When I looked over at her monitor and saw it, I was reminded of what George Carlin once said – “Hammer two pieces of wood together and some schmuck will buy it.” Except you don’t have to buy this crap. Cause it’s free.

Most of the items, like the ratty, I-don’t-want-to-know-what-that-stain-is couches, mattresses (ewww!) and giant piles of dirt are things that won’t fit in the back of the donor's cars. So they want us to cart it away for them.

Not that the idea of a free used toilet isn’t appealing, but sometimes it's just better to pony up the money and sit, lay and pee where no man has gone before.

I don’t know why, but for some reason couches seem to get tossed more than most items. I just wonder who buys couches this ugly, and then decides it’s done and they need a new ugly one.

Maybe Craigslist is the couch underground, like the resistance in wartime France. It's a giant black market couch exchange, where one person sneaks their couch curbside in the wee hours, and then picks up a free one from someone else.
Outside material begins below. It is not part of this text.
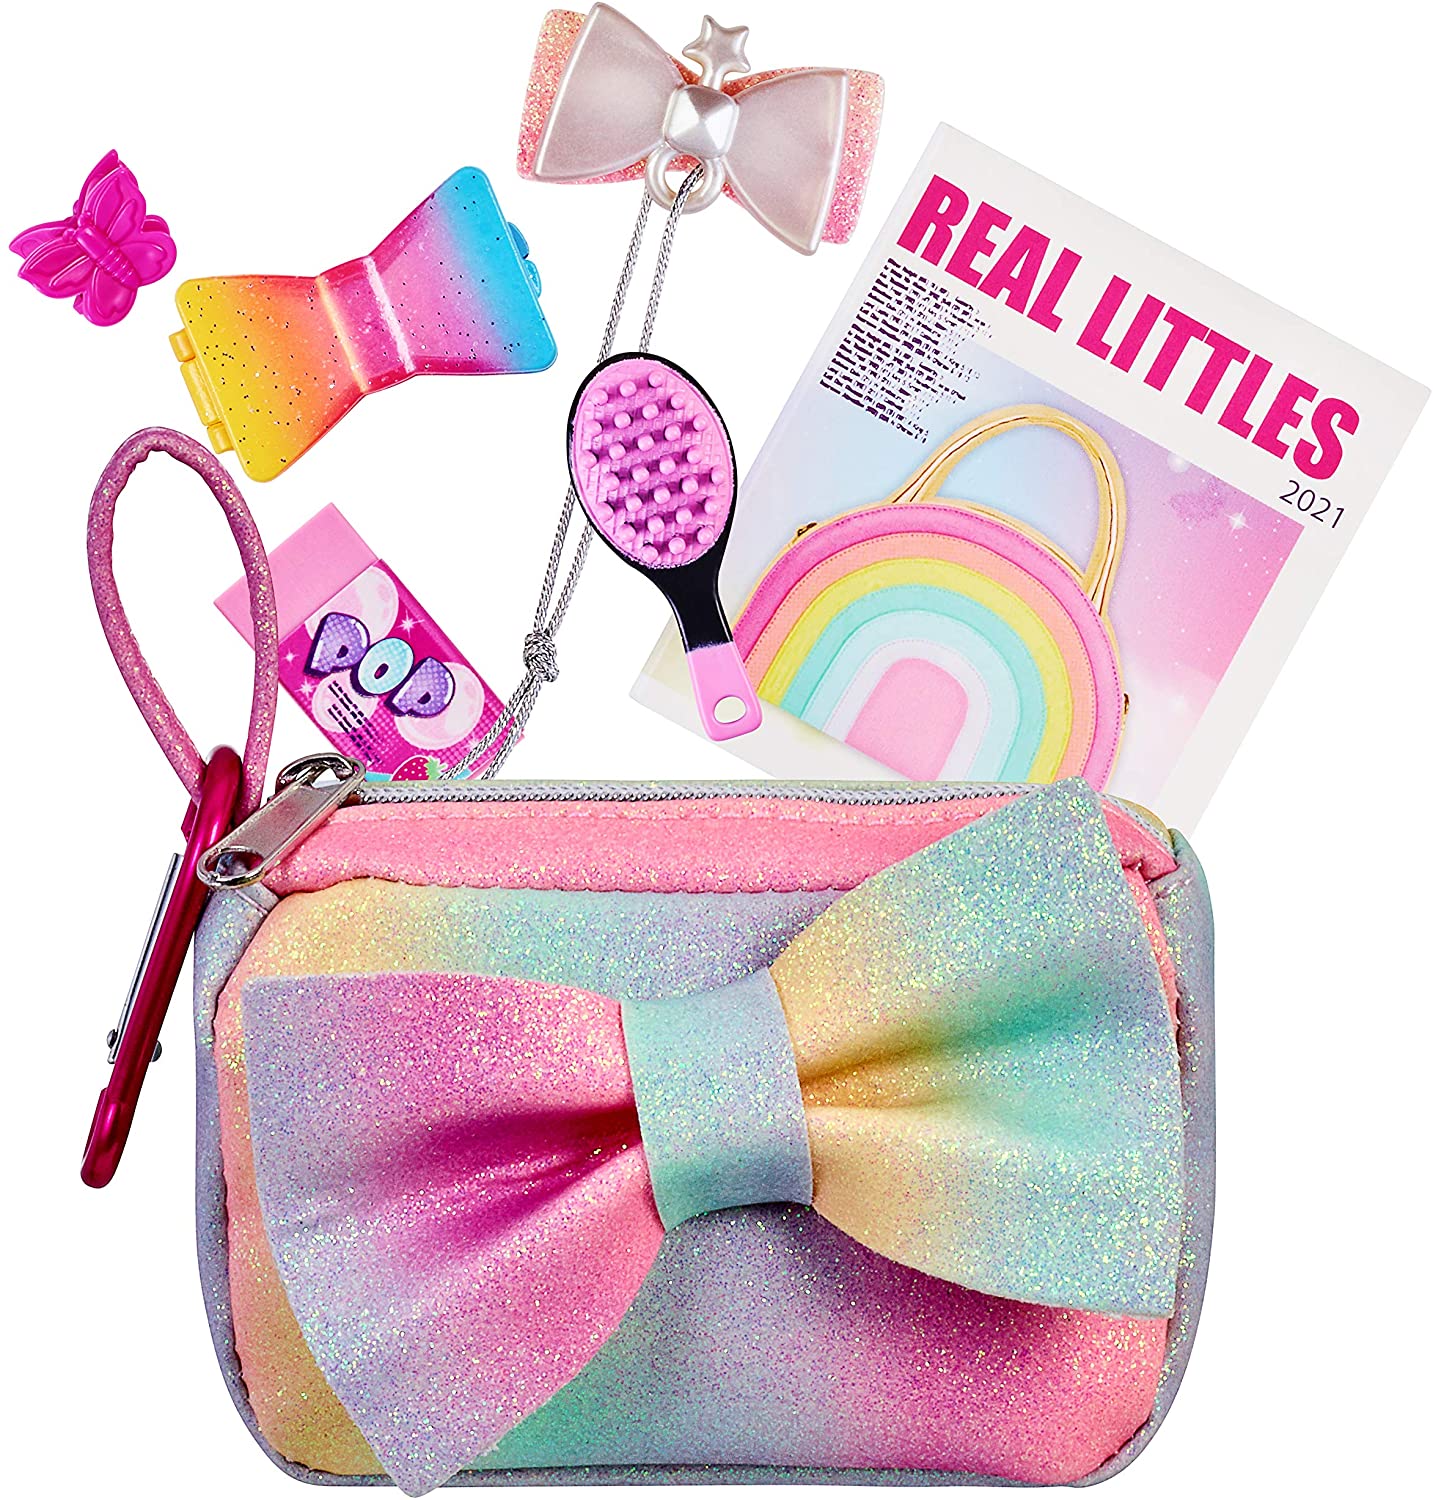 real littles handbags series 3

And of course, they're all wearing that damned black beret while they do it.

Whatever, it’s scary and disturbing to think there are that many ugly couches in the world. These couches have spent more time on a curb than Chelsea Handler at the after party.
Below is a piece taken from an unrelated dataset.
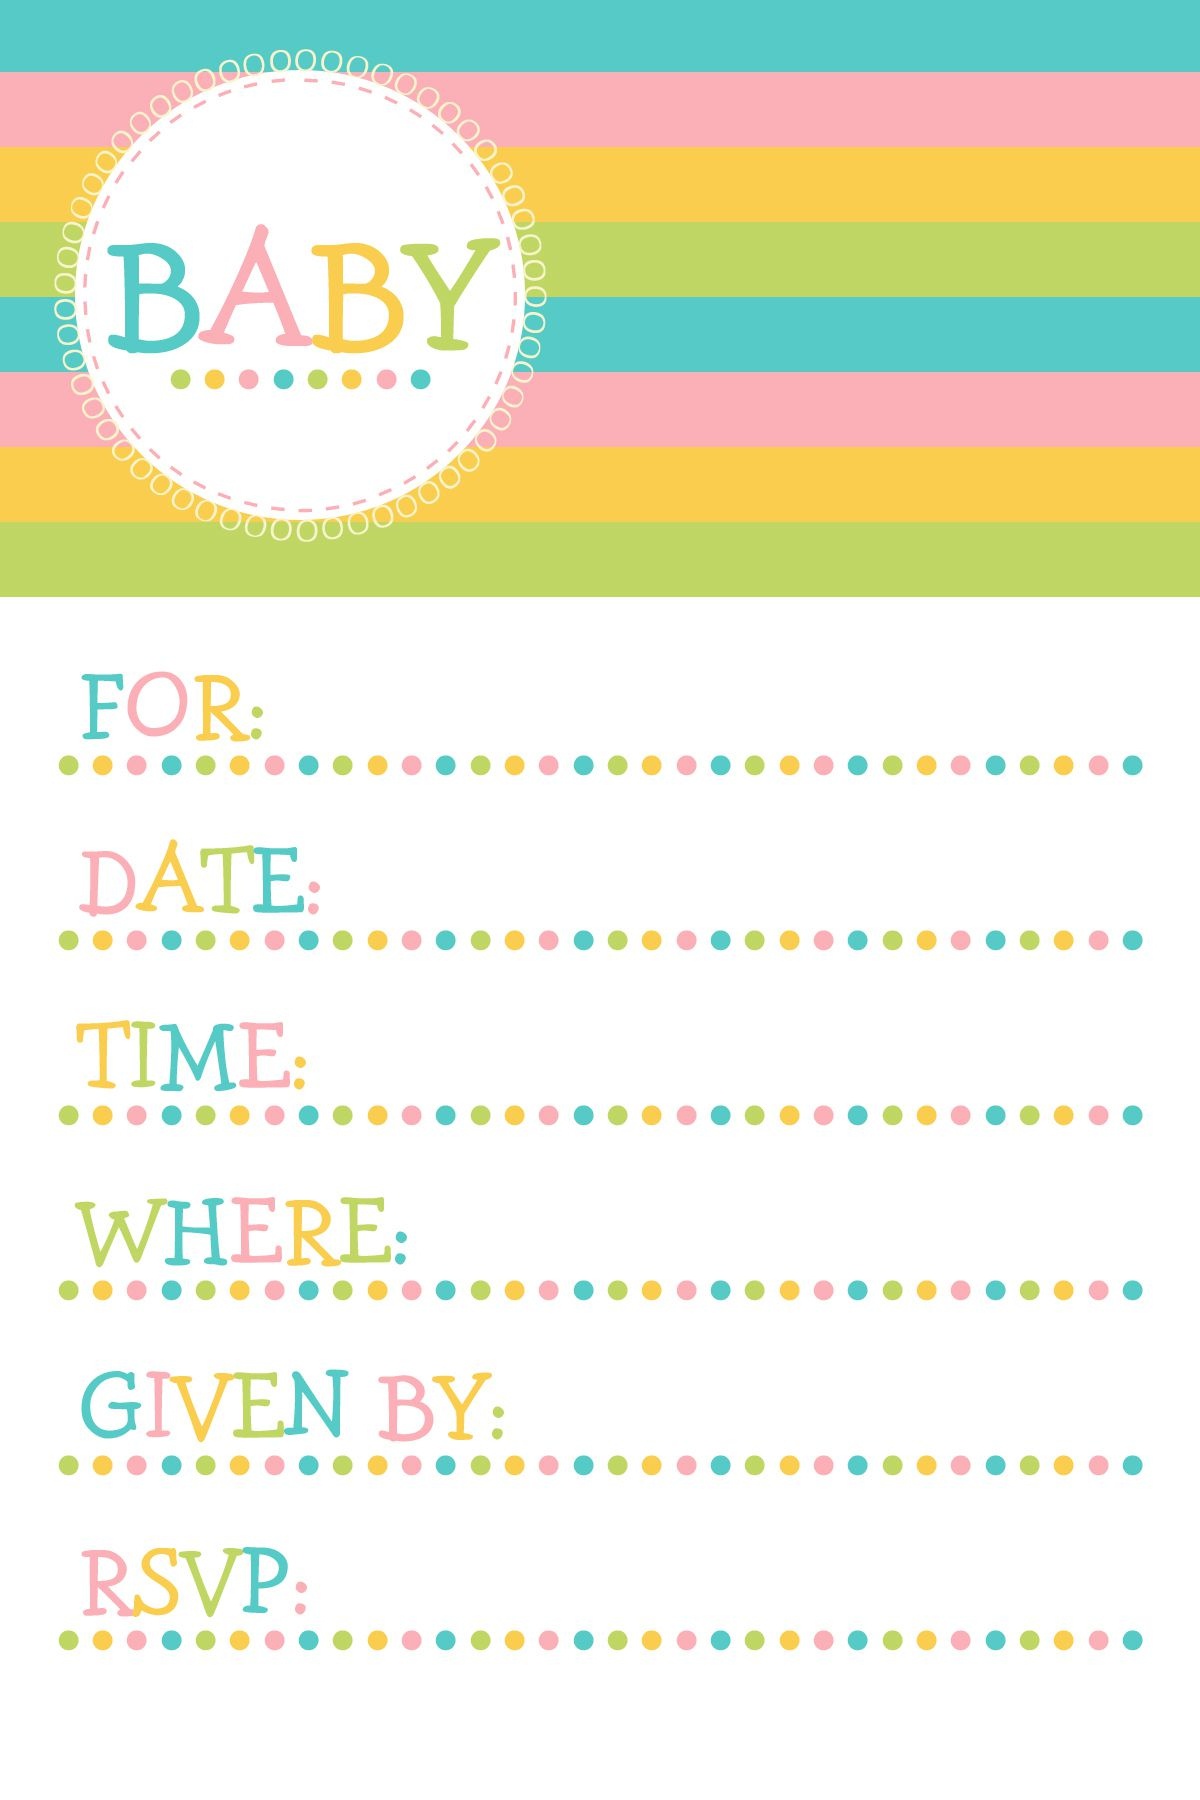 25 Adorable Free Printable Baby Shower Invitations - Free Baby Shower Invitation Maker Online Printable

While it’s pretty safe to say I won’t be hopping in the Land Cruiser to pick up anything off that page, I did like the one ad showing a silhouette of a comb and scissors advertising a free haircut. I'm sure it's probably a Vidal Sassoon or José Eber student looking for people to practice their faux hipster cuts on.

What could possibly go wrong?

As long as I don’t have to sit on one of those couches while they're cutting my hair, I might think about it.

Saturday, March 7, 2015

Riding the news cycle

If you've been anywhere on planet earth this week, you know Harrison Ford crash landed his vintage plane on Pen Mar Golf Course in Santa Monica. As you'd expect, the farce and con that is social media ran rampant with Han Solo, Millennium Falcon, Chewie, Indiana Jones and Brian Williams jokes. I've included a couple of my favorites.

Fortunately Mr. Ford survived the landing with a cut head, broken ankle and fractured pelvis.

He's a big star so it's a big story. But here's the thing: is this story about his wife racing to the hospital to be at his side news?

Obviously Calista Flockhart has read the celebrity wife manual, which states very clearly in section 4a, paragraph 3.1.1, that a wife must race to her husband's side if he's been in a plane crash.

It's a good thing she has the manual, because how else would she have known what to do?

It's sad when something so natural and decent and expected becomes a news story. It exploits their pain, and even though they're public figures I believe they have a right to privacy - such as it is with the interwebs - just like the rest of us.

Besides, if the news uses headlines to report on a wife going to her husband after an accident, it means I have to look harder for the story about Kim Kardashian dying her hair blonde.